The strategy for taking care of these tragic infants boiled down to one word for Hale: love. As Herschel Johnson wrote in Ebony in 1986, “The cure she employs is not based on miracle medicines. Instead, the healing power of love and positive reinforcement is emphasized.” Typically, Hale would receive congenitally addicted babies who were about ten days old and work with them for two or three weeks to overcome their withdrawal. Newcomers typically stayed with Clara Hale herself in her own bedroom. By about five to six weeks, the babies were more or less normal. Mothers could not take their babies back again until they had completed a drug-treatment program, or until it was determined that they were ready to be good parents to their children. Children stayed at Hale House for an average of eighteen months, at which point they were placed in foster homes or returned to their families. During their stay, the mothers were required to attend a drug rehabilitation program and visit their children every week.
By 1985 Hale House was receiving annual funds of $190,000 funneled through the New York City Department of Social Services of Children, with another $30,000 being brought in by private donations. Celebrity supporters over the years have included Tony Bennett, Lena Home, and John Lennon, whose John Lennon Spirit Foundation directed by his widow, Yoko Ono, continued sending Mother Hale $20,000 a year after Lennon’s murder in 1980. Over the years, Hale herself engaged in a lot of fundraising for her operation.
From Expansion to Presidential Honoree
Eventually, Hale House was expanded to include a complex of 30 apartments for mothers who were receiving treatment for drug rehabilitation. Controversy sometimes swirled over Hale House’s unorthodox policies, which failed to meet the usual requirement that young children be raised in private homes instead of her group-care setting. Court approval for returning infants to parents was not required by Hale House, either. Unwavering public support enabled Hale to bypass the usual restrictions, and she continued to get waivers from state regulations throughout the mayoral administrations of Abe Beame and Ed Koch in the 1970s and 1980s.
As the crack epidemic in New York City eased up, Mayor Dinkins ordered the administration to stop referring kids to Hale House in 1989, feeling that the city could better handle finding foster care. Despite this shift in policy, babies continued to arrive at Hale House, both drug-addicted ones and those infected with the HIV virus. A more aggressive fund-raising policy was put into effect to help make up for the loss of government financing. By 1991, Hale House’s budget was $3.5 million. In the years that followed, its programs were expanded to encompass housing and educating mothers after detoxification, apprentice training for youths who began having problems, and a home for mothers of infants infected with the AIDS virus.
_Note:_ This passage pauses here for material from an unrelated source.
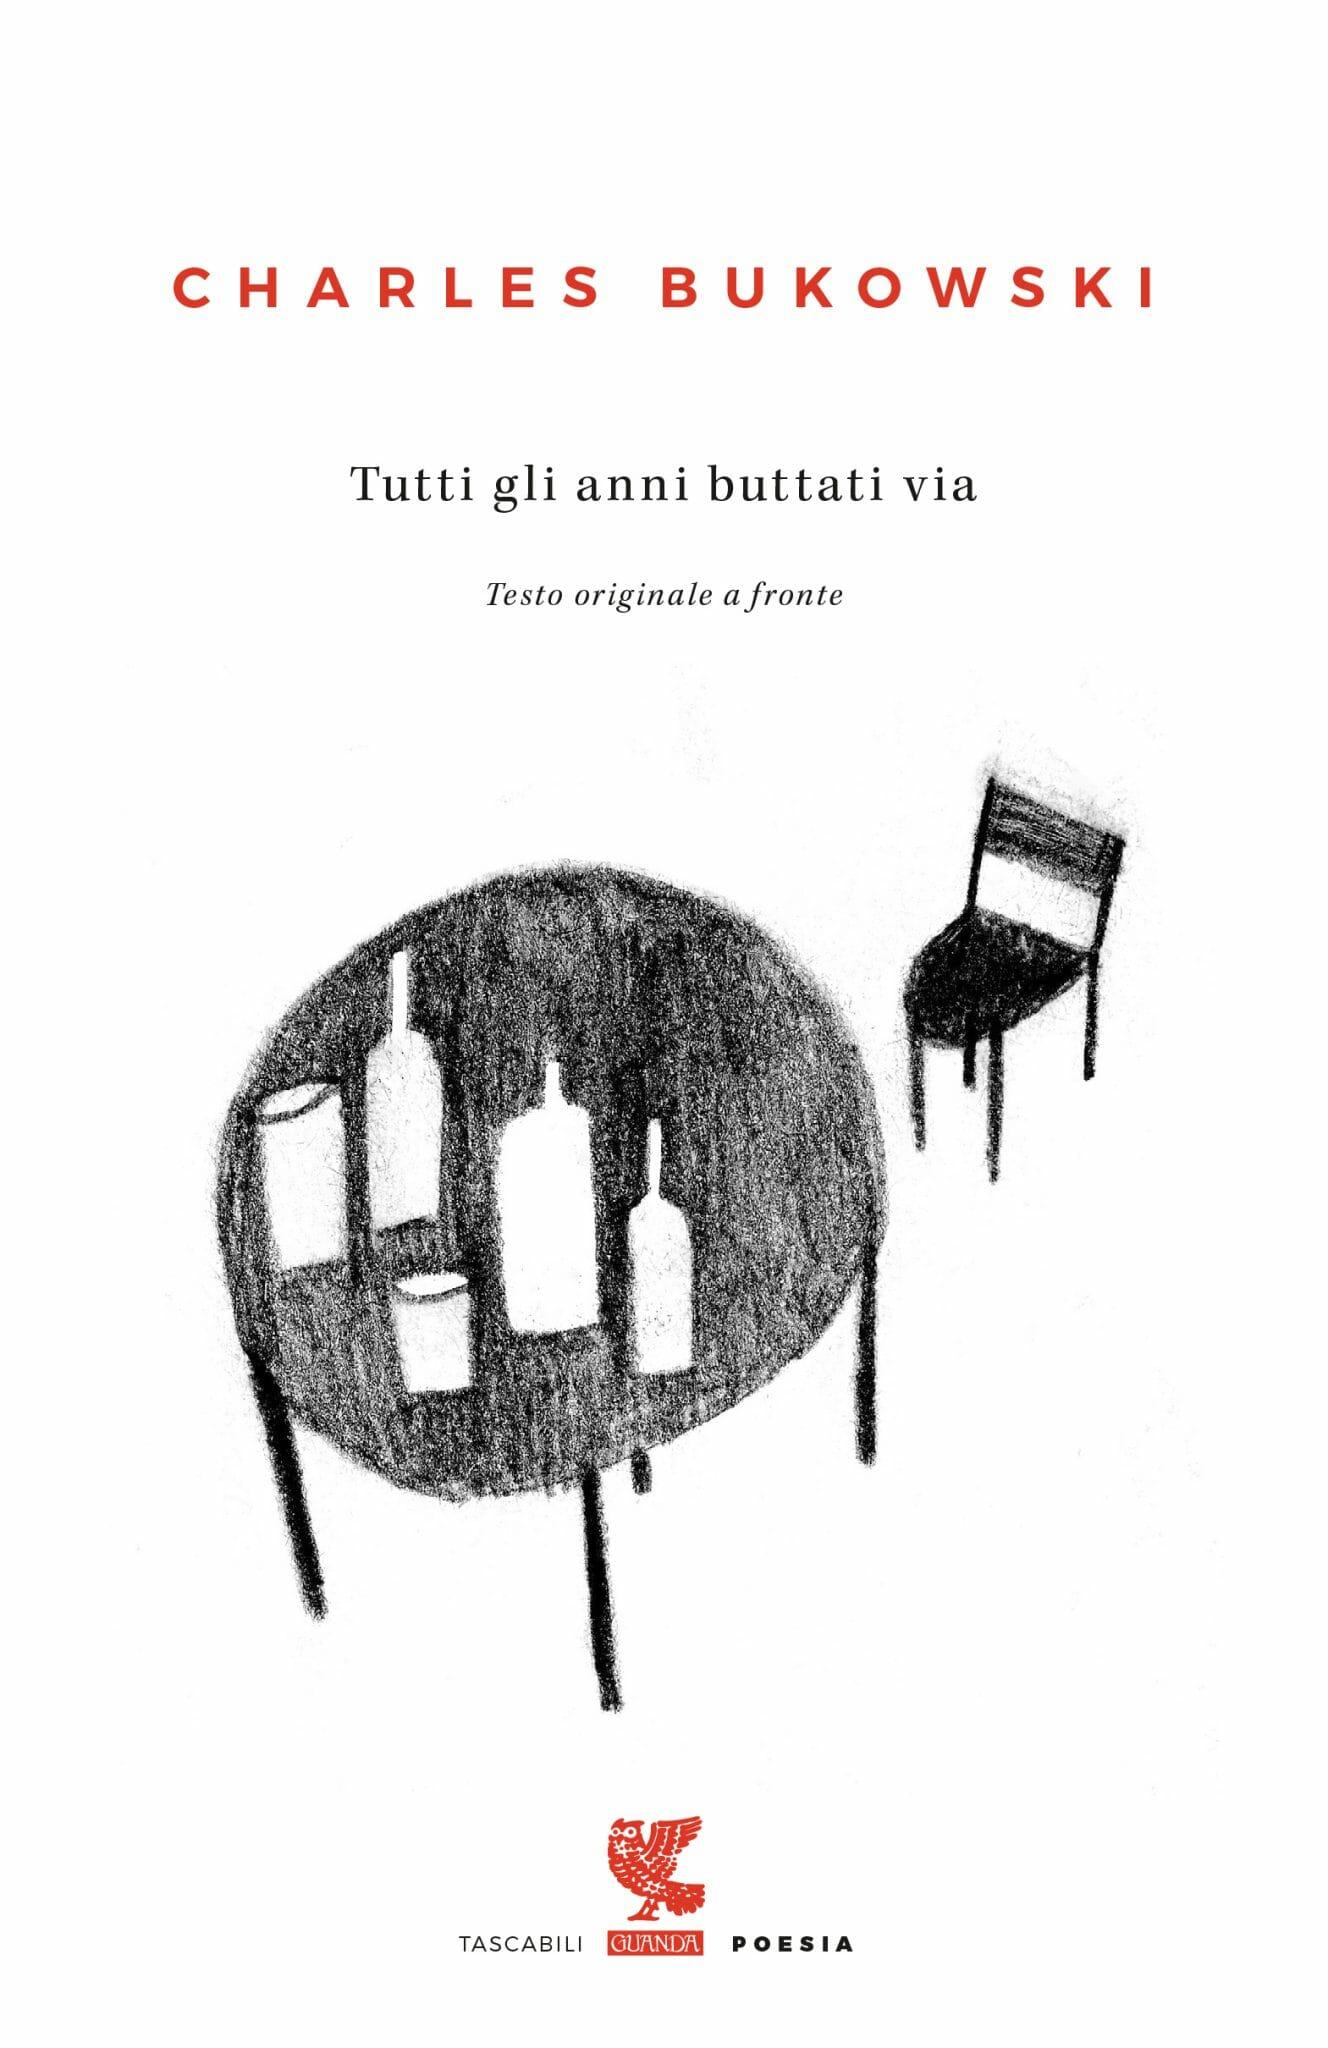 Bukowski poesie guanda
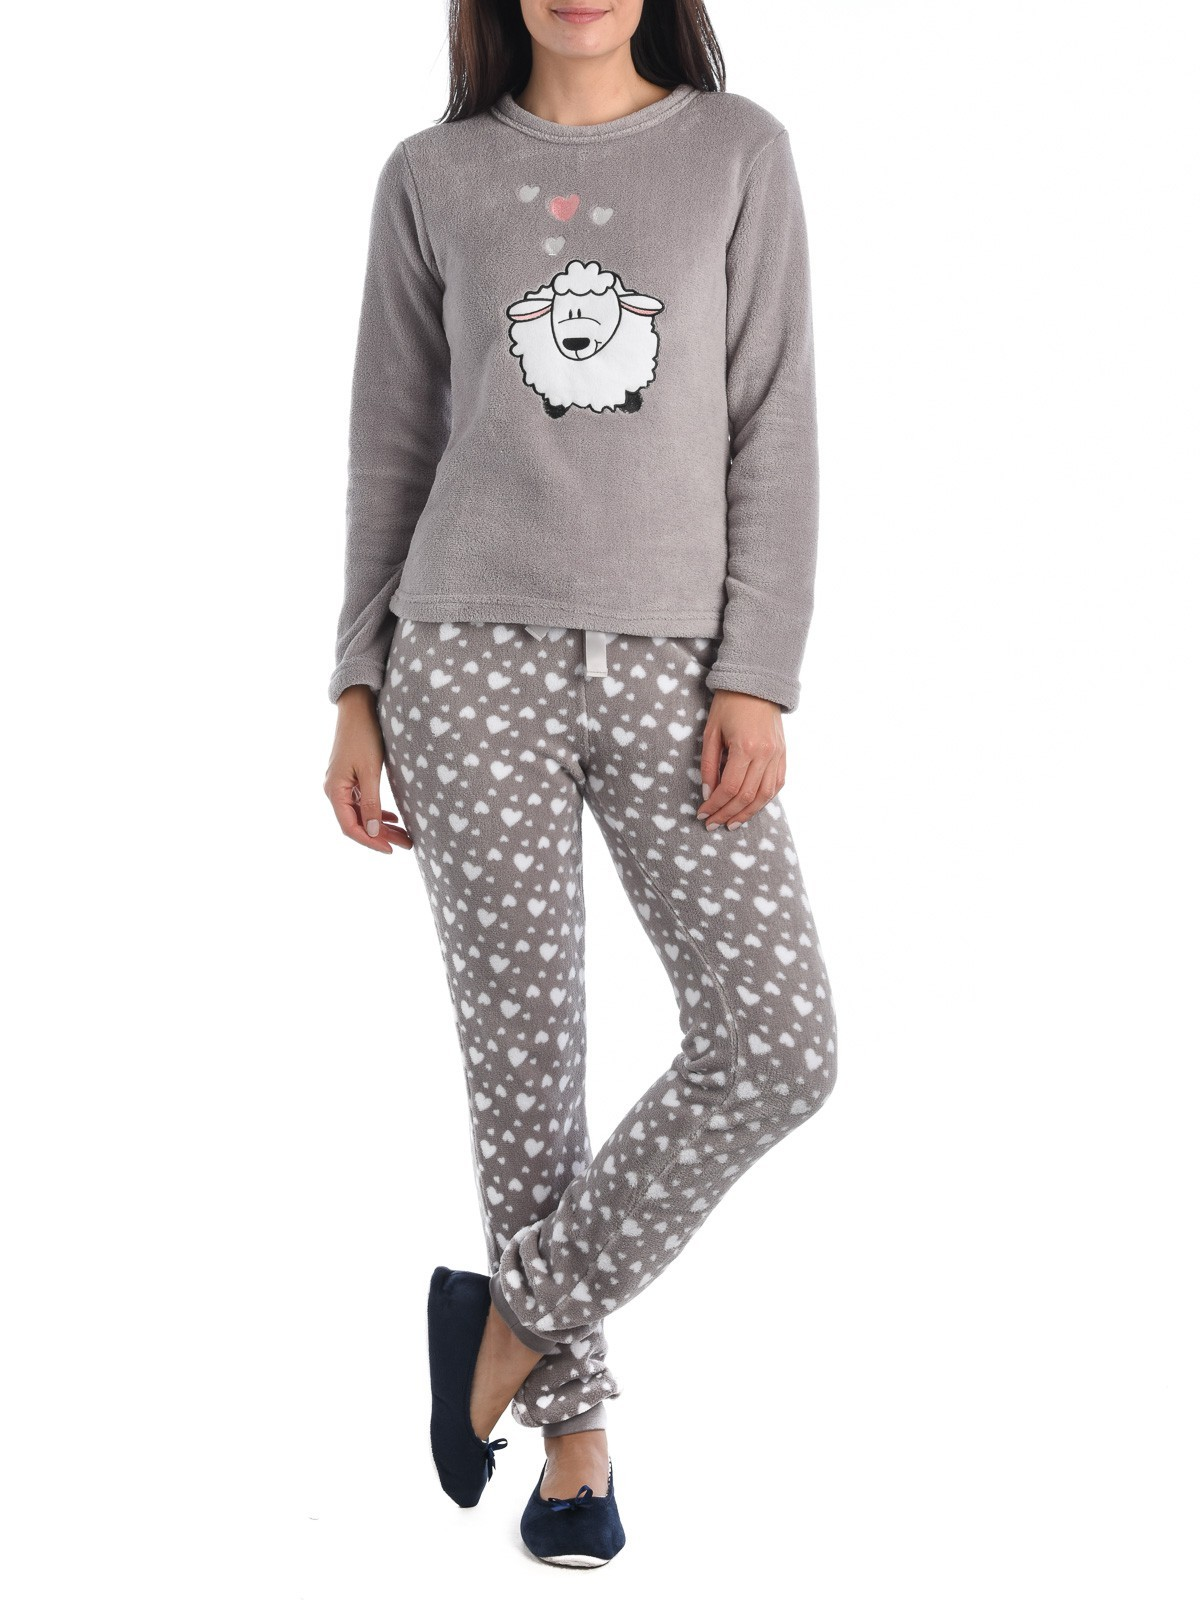 aa02a2400007b Pyjama polaire femme - DistriCenter

During his presidential administration, Ronald Reagan was a big fan of Mother Hale. He invited her to attend his State of the Union Address in 1985, at which occasion he called Hale “a true American hero,” according to the Los Angeles Times. Hale received a standing ovation at the occasion but remained her usual humble self. She continued wielding her magic with her kids well into her eighties and never stopped taking great pride in her tiny charges. “I think they’re all success stories,” she said of her Hale House babies in the Los Angeles Times “We’ve never heard of any of our children being in jail, and I think that’s a success.”